** Data **
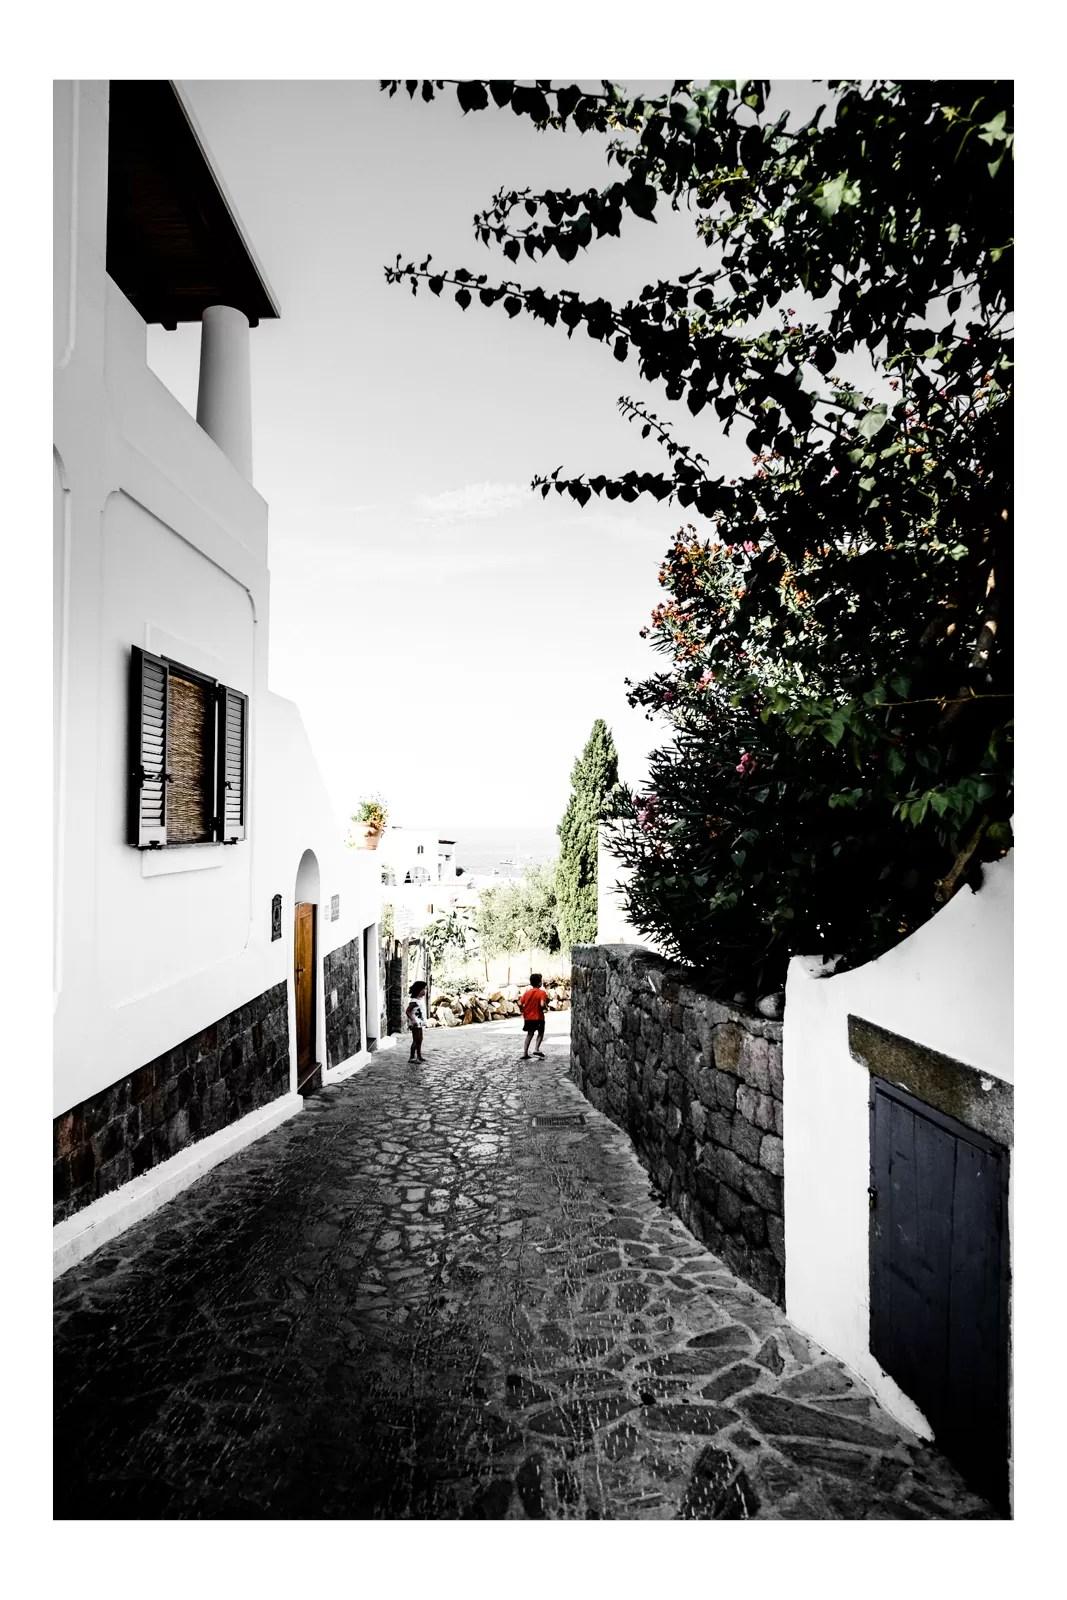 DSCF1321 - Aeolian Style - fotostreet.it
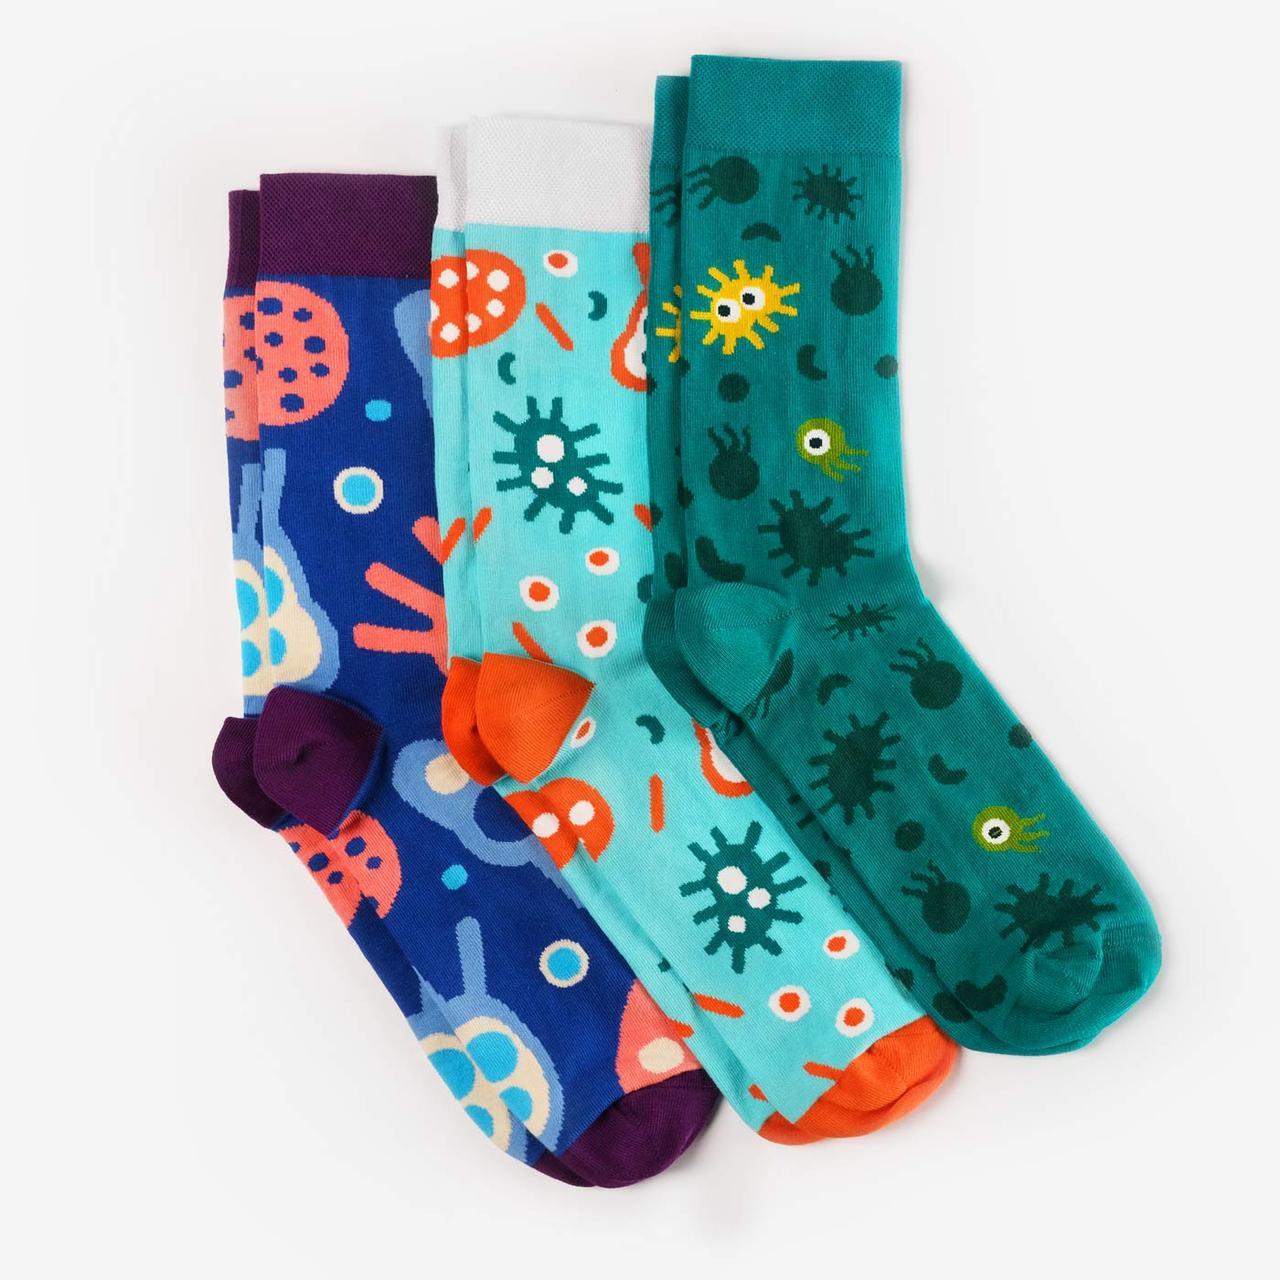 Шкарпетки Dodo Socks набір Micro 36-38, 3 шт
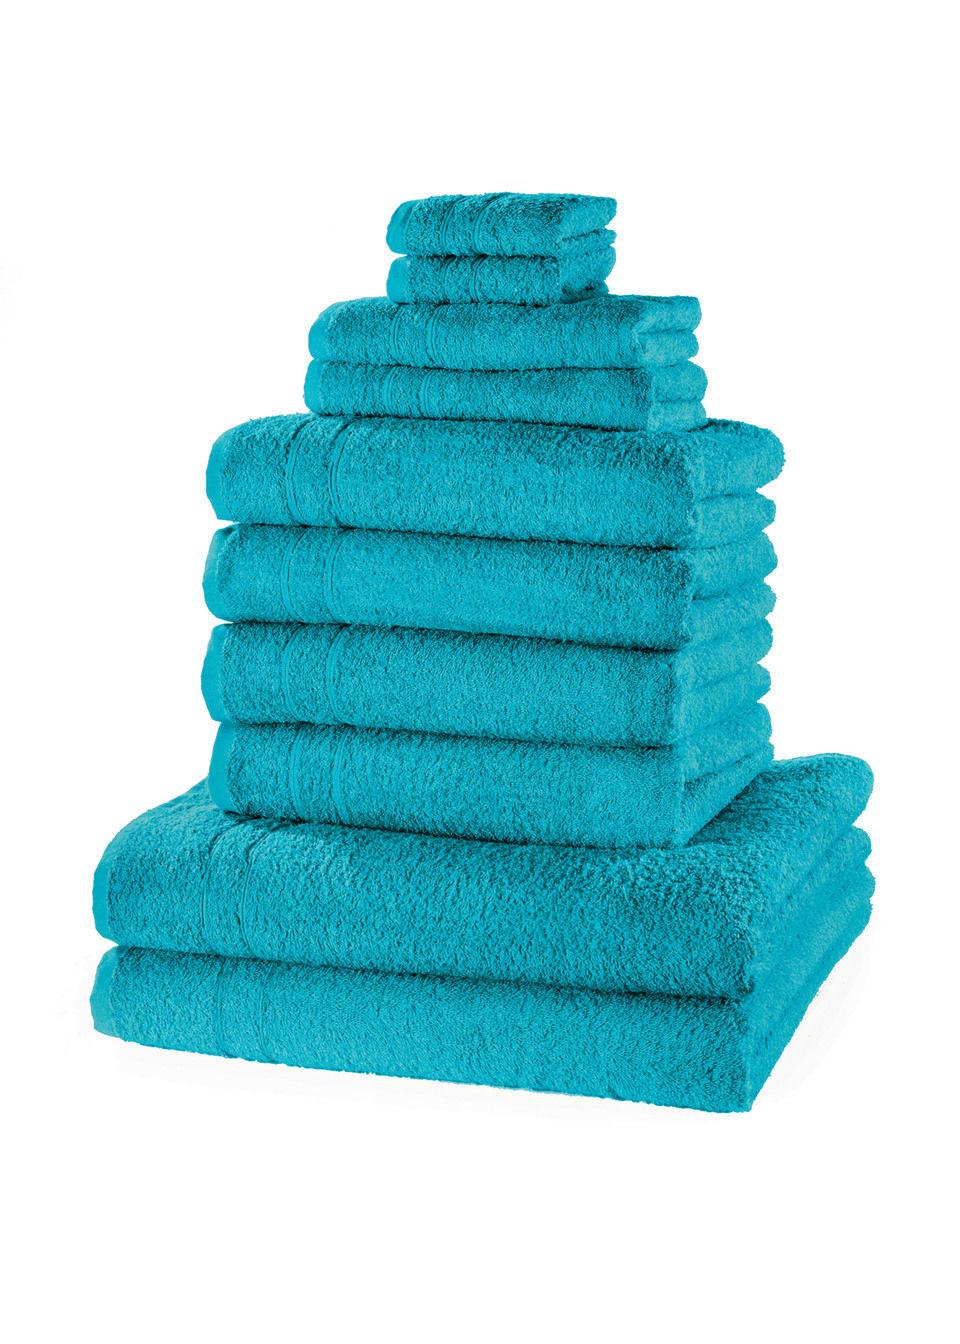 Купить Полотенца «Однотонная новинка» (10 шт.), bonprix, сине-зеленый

** Work item **
From the first line to the last, transcribe the listing exactly; skip the pictures.

** Task answer **
 DSCF1321 - Aeolian Style - fotostreet.it
 Шкарпетки Dodo Socks набір Micro 36-38, 3 шт
 Купить Полотенца «Однотонная новинка» (10 шт.), bonprix, сине-зеленый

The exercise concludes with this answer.